How to Design a Steel Beam

by Tom Kujawa

Designing a steel beam is not as complicated as you may think. There are essentially 6 Steps to design most steel beams:

  1. Material - Choose the appropriate grade of steel for the beam you will be designing.
  2. Shape - Select the shape of steel beam you would like to design.
  3. Span - Enter the distance you are trying to span.
  4. Bracing - Not to be overlooked! Bracing is critical in determining the capacity of a beam.
  5. Load - Enter loads based on their type and load case.
  6. Design - In the United States, there are two common methods of beam design (ASD and LRFD). Select the method you would like to use and specify deflection limits.

In the WebStructural beam design app each of these steps has an associated icon to allow you to efficiently work through the design process.

1. Material

There are many different grades of steel, but usually one common grade for each shape type. There are also many different shape types used in steel construction including: W, HSS, C, and angles to name a few. One of the most commonly used shape types for I-beams in steel construction is the W (wide flange) shape. W Shapes are usually made from Grade A992 steel. For our example, we'll be designing a W shape steel I-beam. Let's start by selecting the appropriate material for this shape. Click the "Edit material..." link to launch the Material Dialog and select A992 from the material list.

2. Shape

Next, let's select our W shape from WebStructural's extensive shape library. Click the "Edit shape..." link to launch the Shape Dialog and select W8X15 from the list (you might need to scroll the list a little to find it). This beam is roughly 8" deep (or tall), that's the first number in the shape name. The beam weighs 15 lbs/ft, the second number in the shape name. Typically, the lighter the beam, the less it will cost, so to design the most cost-effective beam, you'll want to choose one that weighs the least but meets your design criteria. After we enter all the design criteria and analyze our beam, we can always change the shape and material if it's not adequate for our loads (demand).

3. Span

Span is the distance between points of support for a beam. A beam is often just a single span supported at both ends. However, that's not always the case. Beams can be supported anywhere along their length or they can be cantilevered beyond their end supports. To add or edit span length in WebStructural, simply click Edit spans... or click the span dimension on the drawing and add a span to the left or right, then enter the length of your second span.

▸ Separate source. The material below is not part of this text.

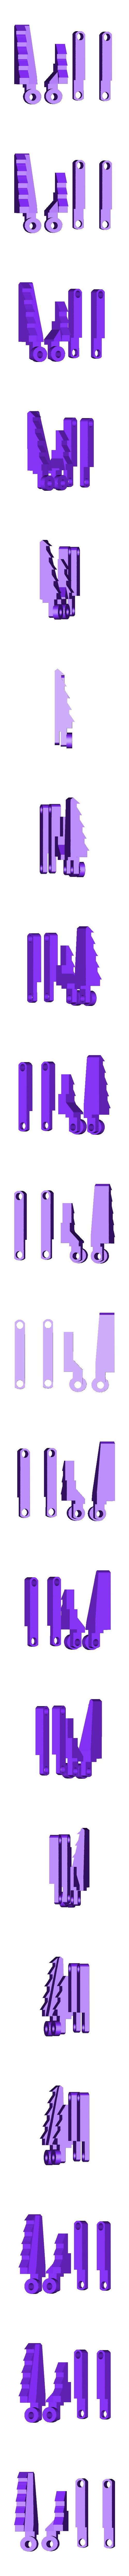 Back movable armgrips.stl Download STL file Keyboard arrow keys KEYSTICK gaming joystick  • 3D print template, lap88777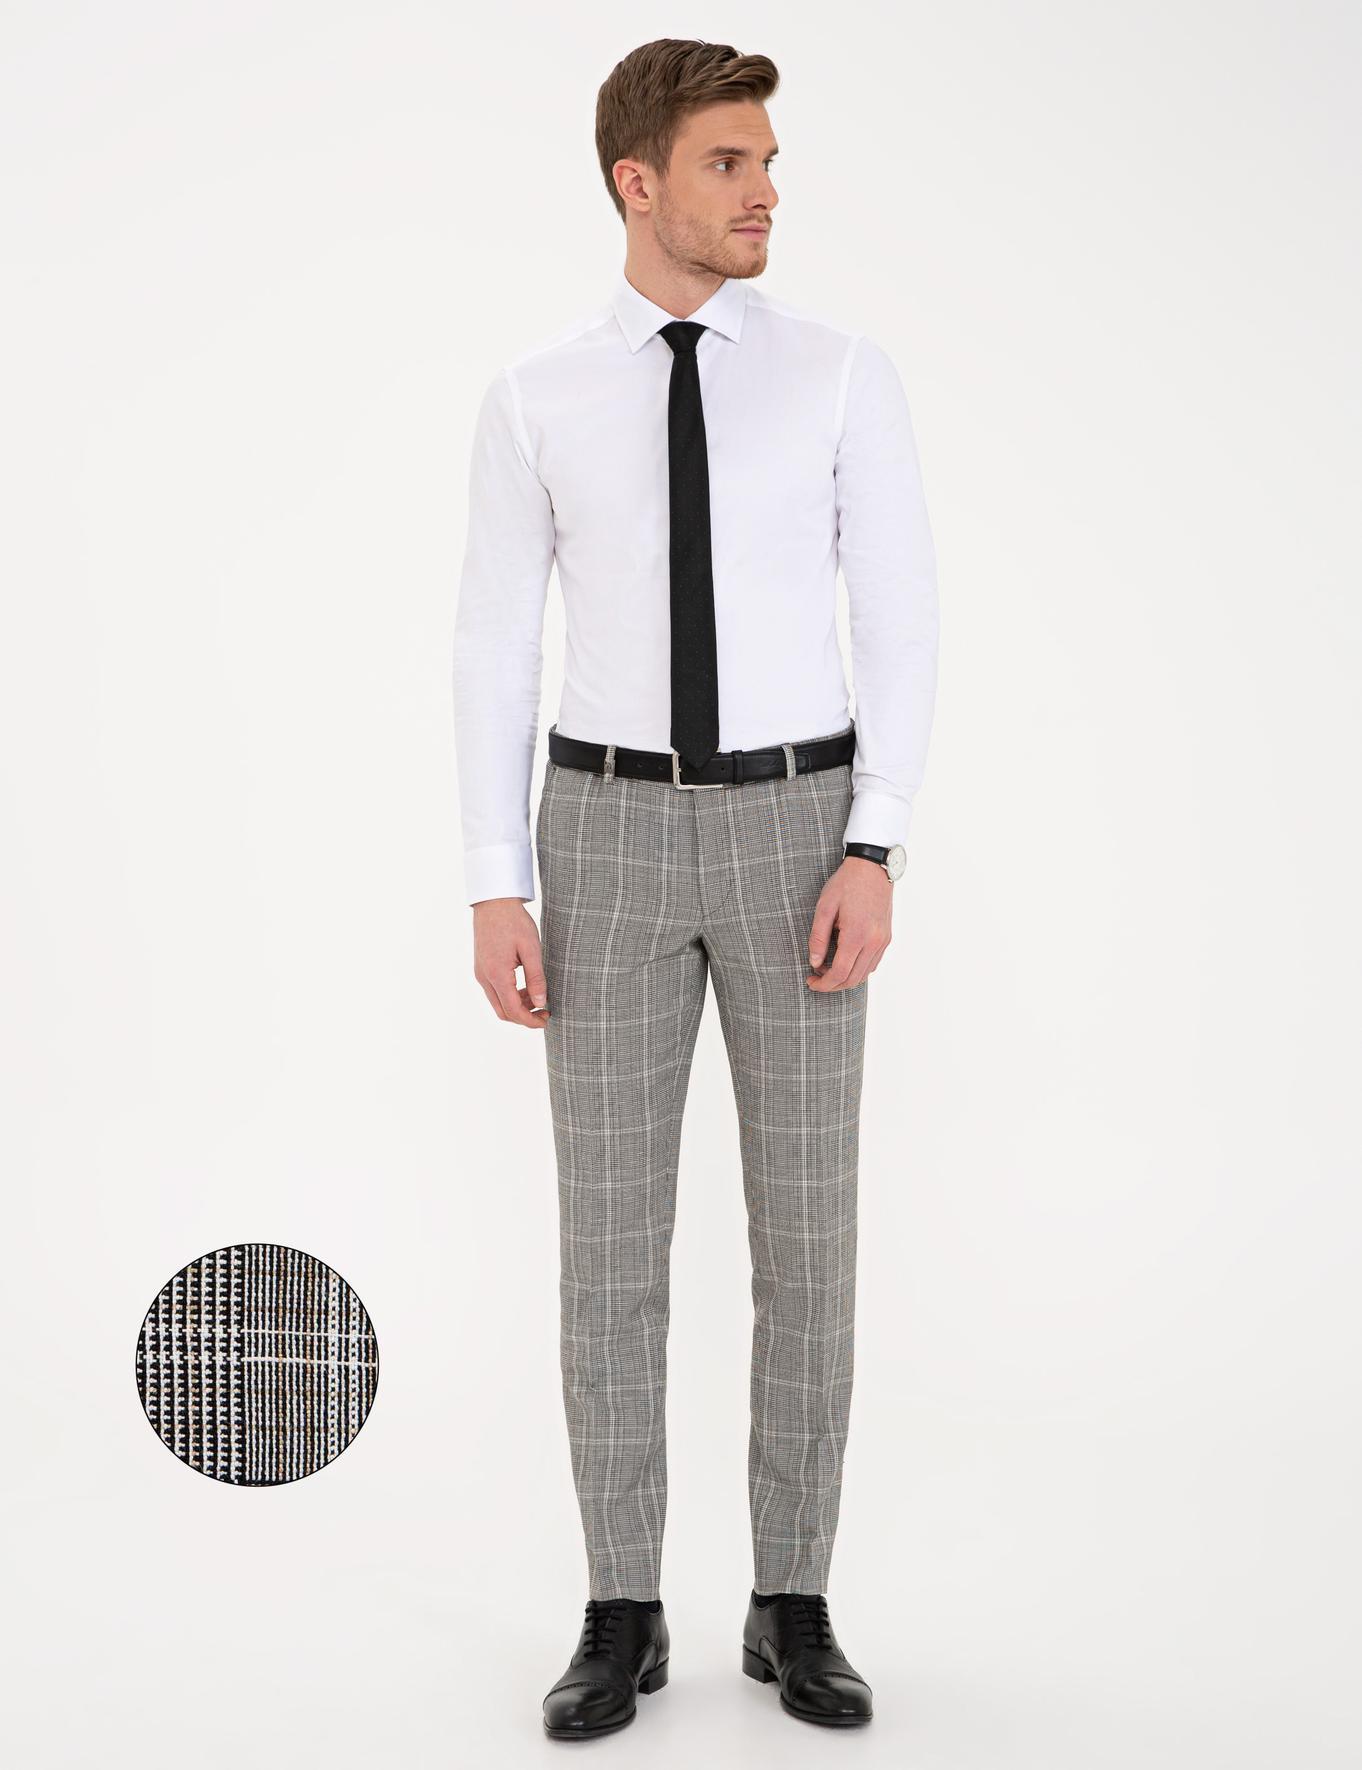 Siyah Ekose Ekstra Slim Fit Pantolon

For our example, add a span to the right and make it 4'-0". Adjust the first span to equal 12'-0".

Beam support conditions can also be changed in WebStructural by simply clicking on a support (the gray triangle under the beam). Cliking a support will toggle through three support types (support conditions): Pinned, Fixed, or Free. For our example, change the right most support to Free by clicking the right-most gray triangle in the drawing. This will create a cantilever (overhang) on the right side of the beam.

4. Bracing

Bracing is an incredibly important, yet often overlooked aspect of beam design. When a beam is bent, tension and compression forces are introduced. For a simple span beam (one spanning between two pinned supports), the top of the beam will be in compression. It is these compression forces that can cause a beam to buckled out-of-plane (called lateral torsional buckling or LTB). To understand this type of buckling, think of compressing a short ruler between your hands. Now think of compressing a yard stick. Which one is more likely to flex and twist when you compress it? Clearly the longer, more slender one. It is this slenderness that is directly related to buckling. If we are able to brace a beam against this type of buckling, then we can often achieve greater bending strength. WebStructural allows you to specify bracings in many different common configurations. Span supports are automatically assumed to be bracing locations. Remember, continuous bracing assumes that the compression side of the beam is braced. If you need to find the compression side of your beam just take a look at the moment diagram. The compression side will be the inside of the curve where ever you see areas of high curvature (moment). If you're unsure about bracing conditions you can always conservatively assume the beam is completely unbraced.

5. Loads

Load Cases

A beam can carry loads from many different sources. Below is a list of some of the more common types of Load Cases:

Dead loads (D) are those which are always present. Think of a concrete slab, or the weight of a wall. Those loads are always present and do not change.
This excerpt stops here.